What you will do - Skipping all images, output the listing word for word.

Data section -
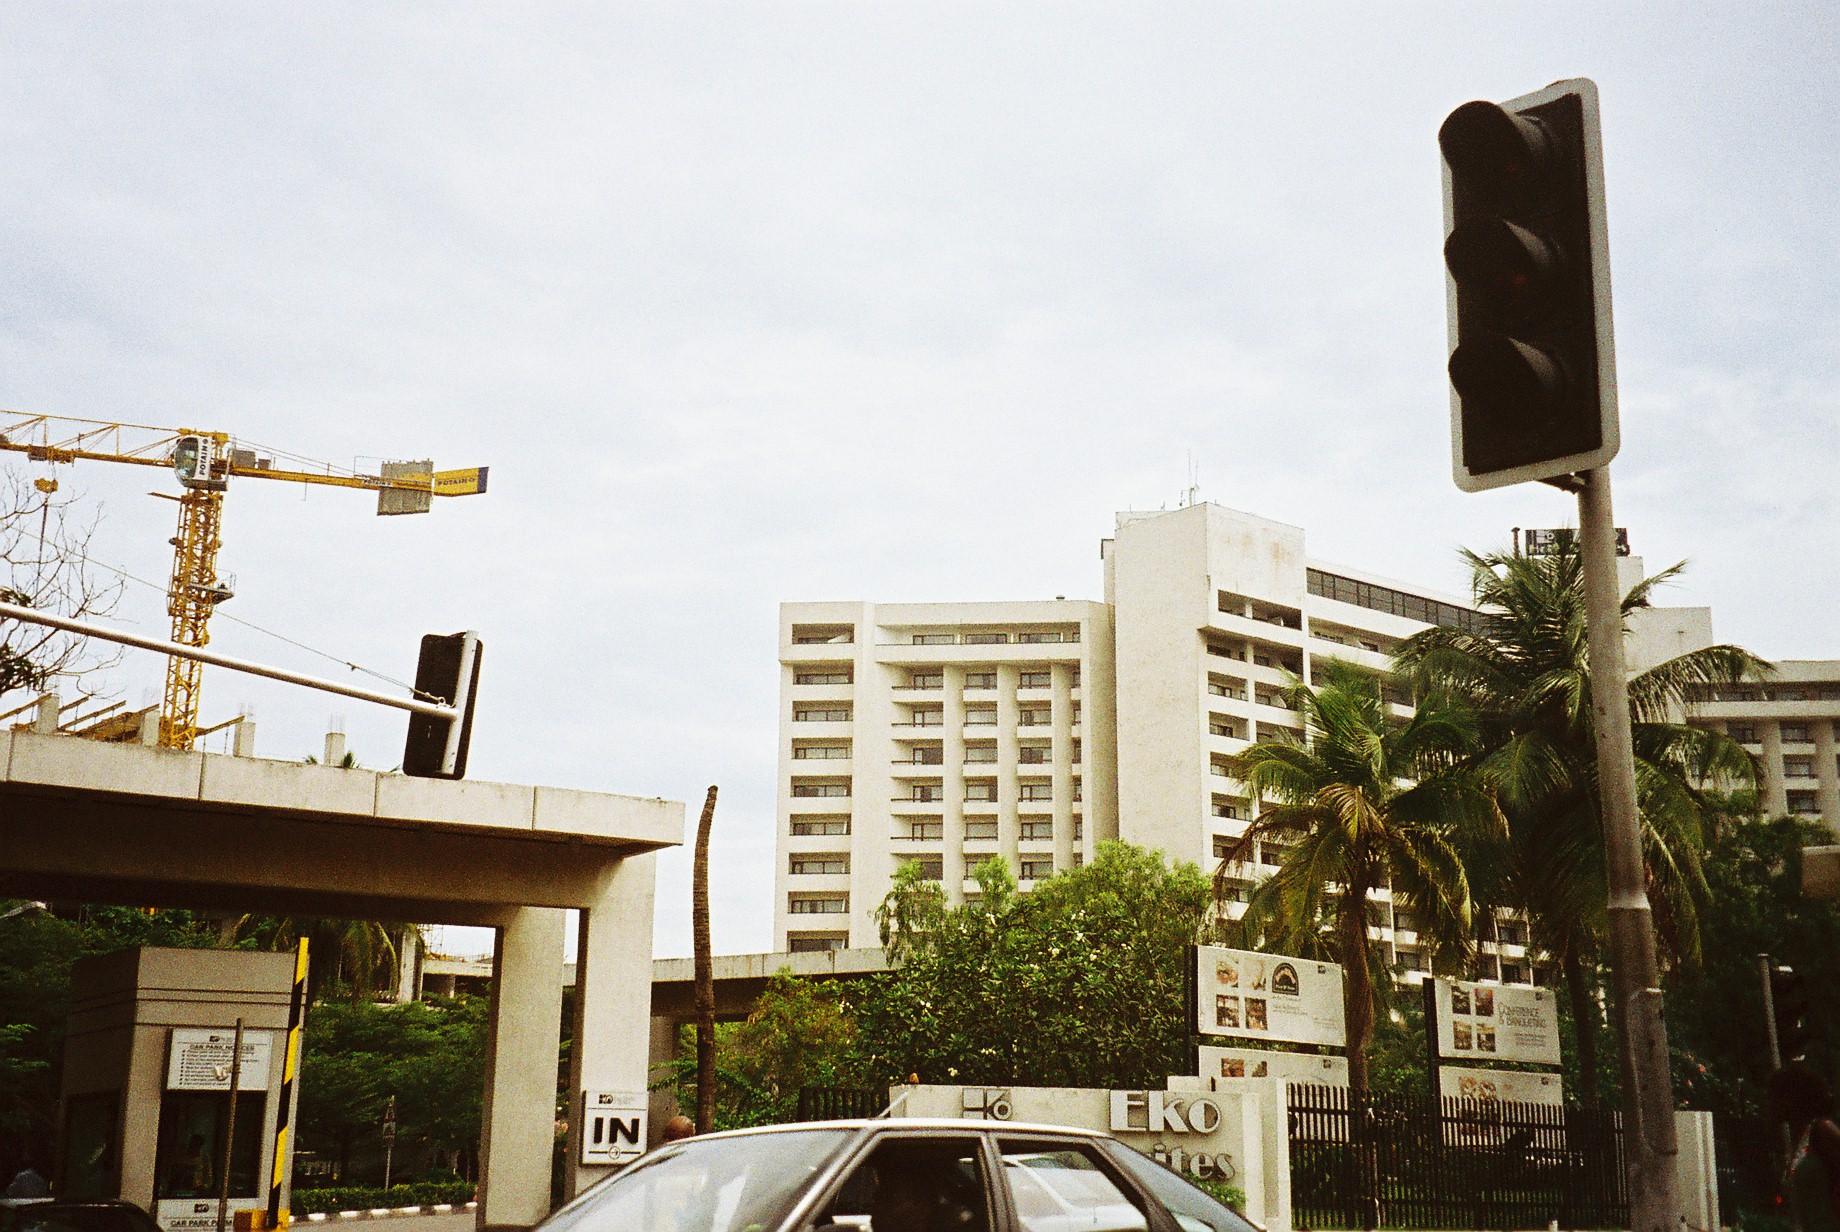 lagos Eko hotel ent 2009
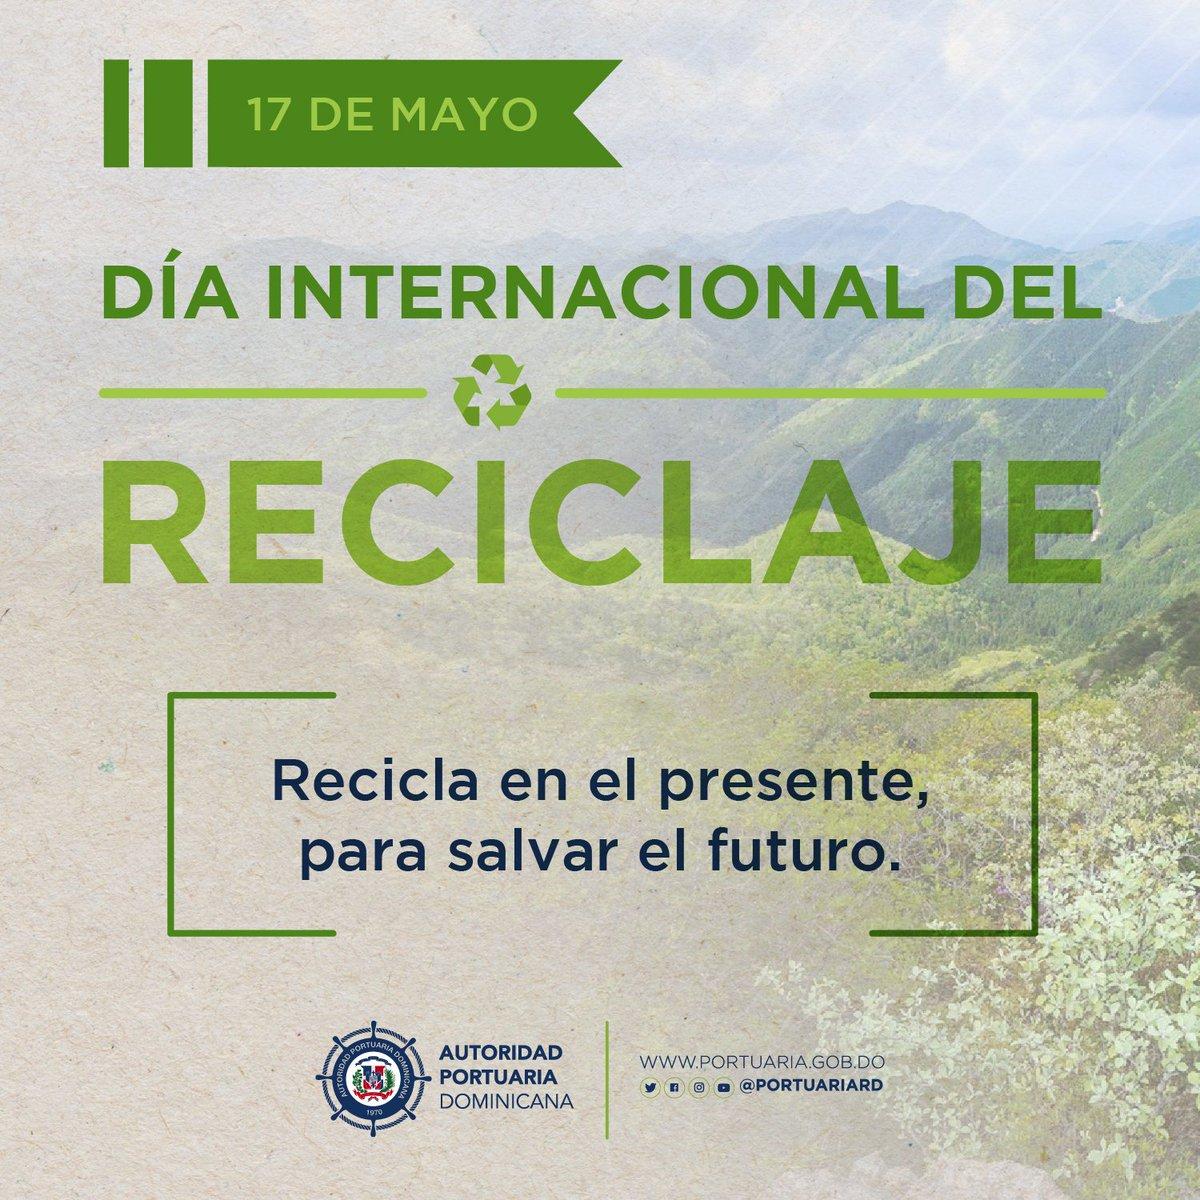 Autoridad Portuaria Dominicana's photo on Día Mundial
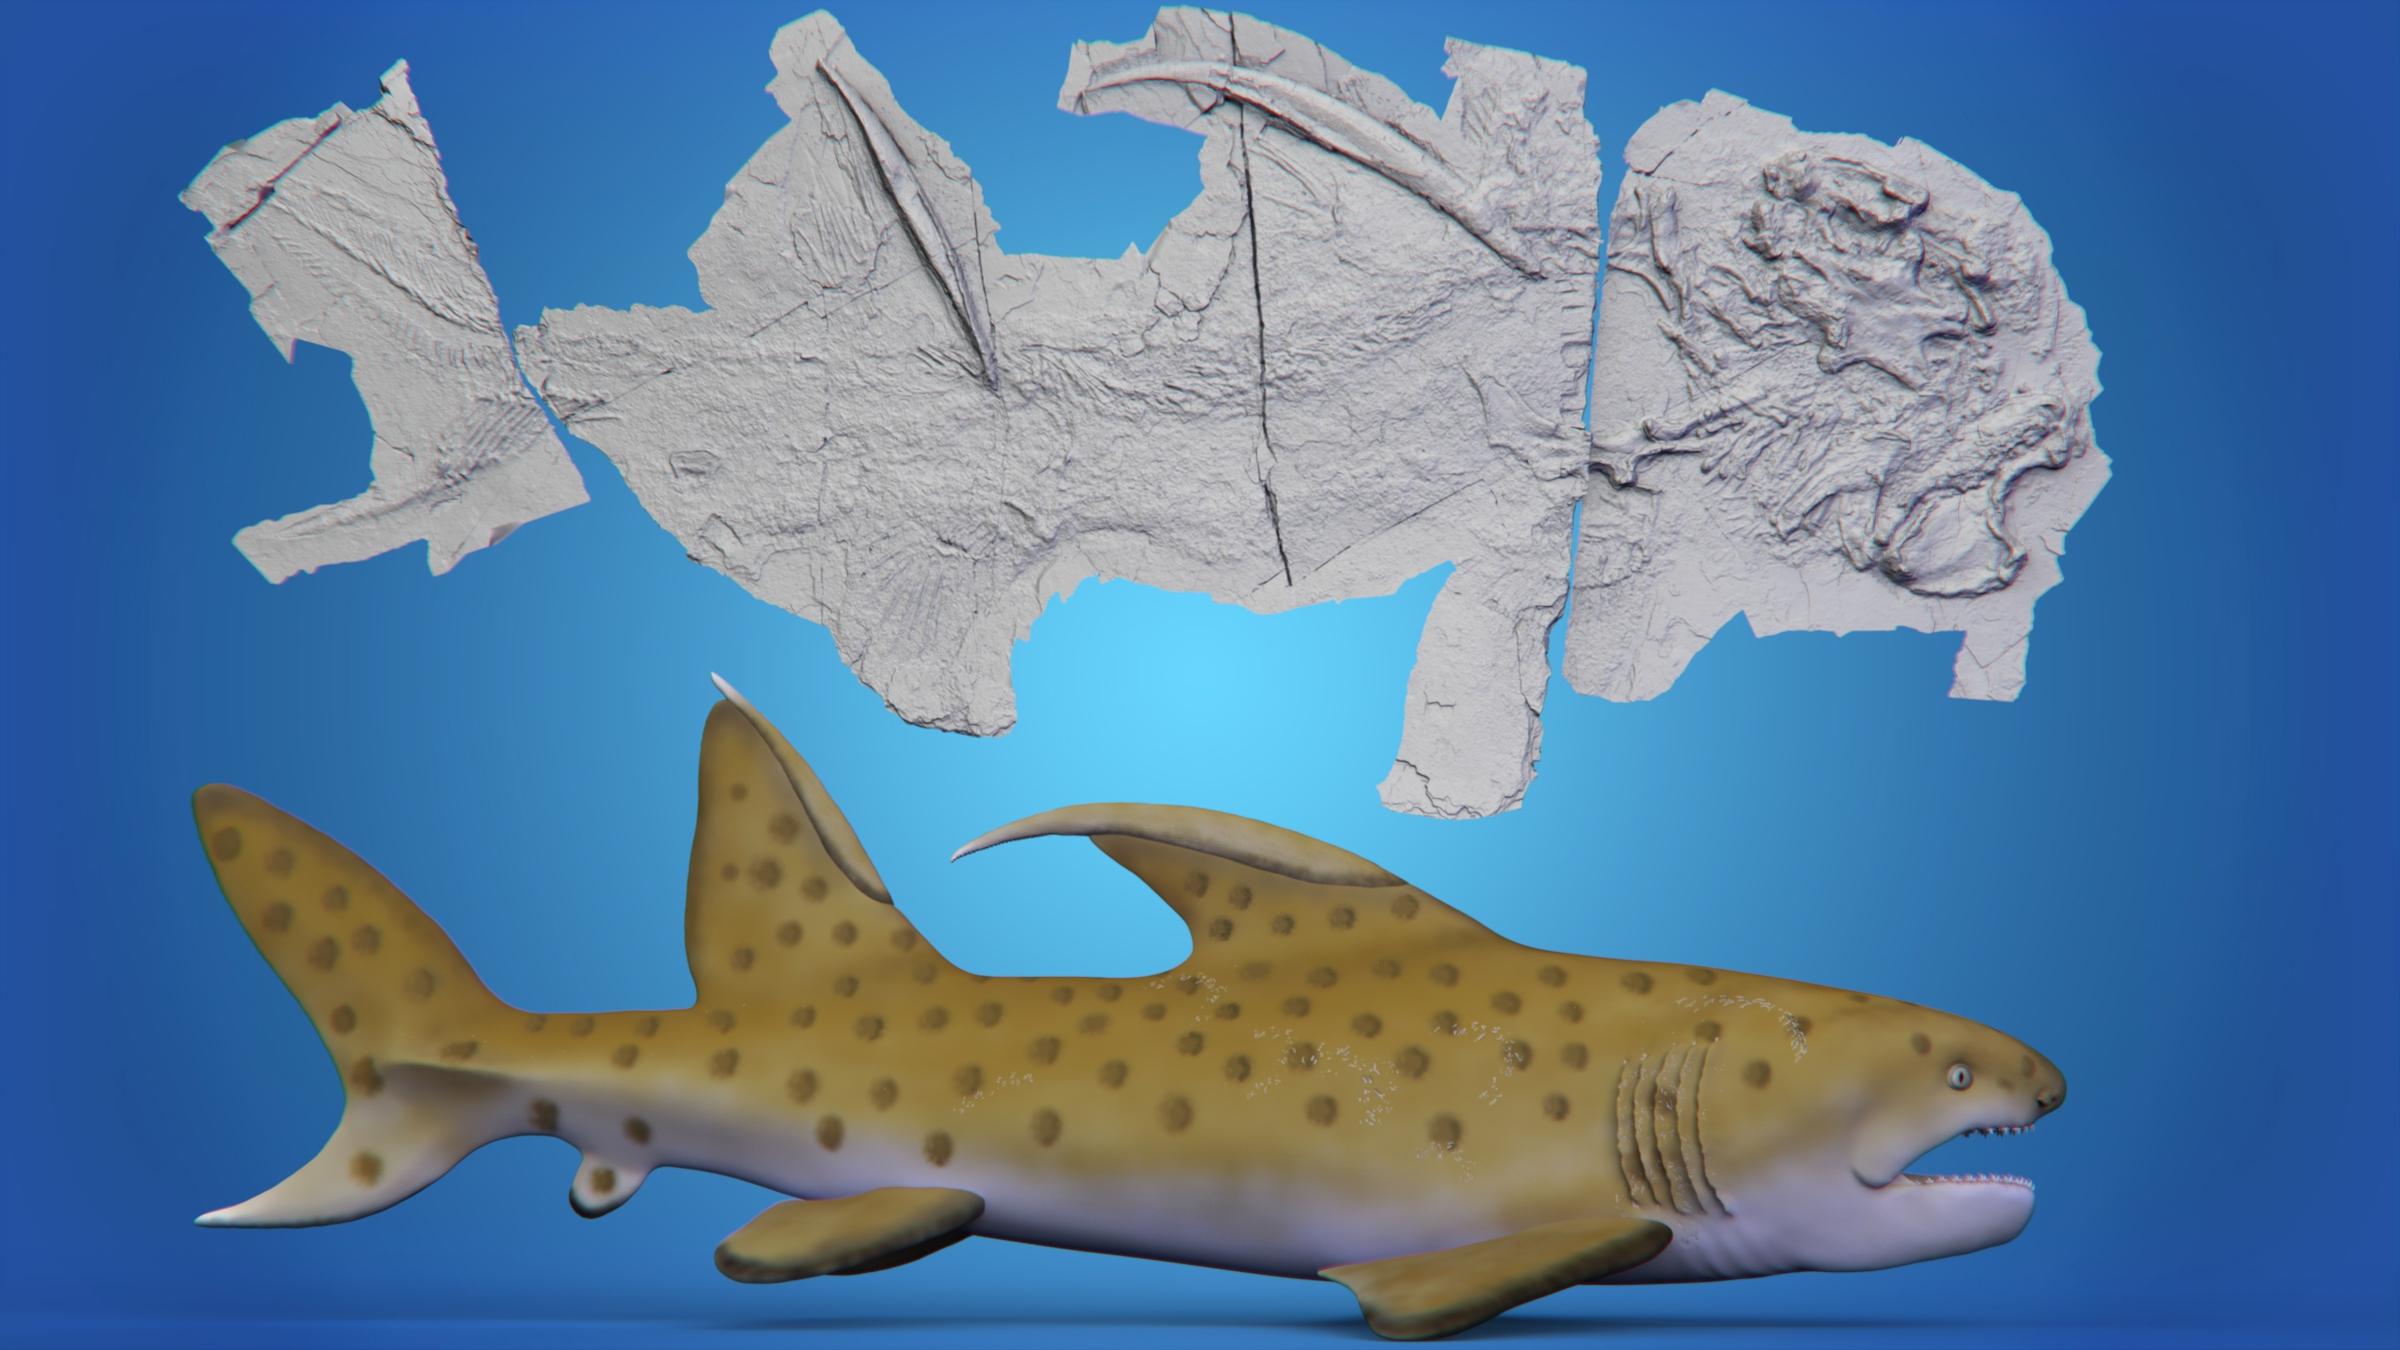 Le squelette fossilisé du `` requin Godzilla '' à côté du rendu d'un artiste de ce à quoi il aurait pu ressembler.

Written solution -
 lagos Eko hotel ent 2009
 Autoridad Portuaria Dominicana's photo on Día Mundial
 Le squelette fossilisé du `` requin Godzilla '' à côté du rendu d'un artiste de ce à quoi il aurait pu ressembler.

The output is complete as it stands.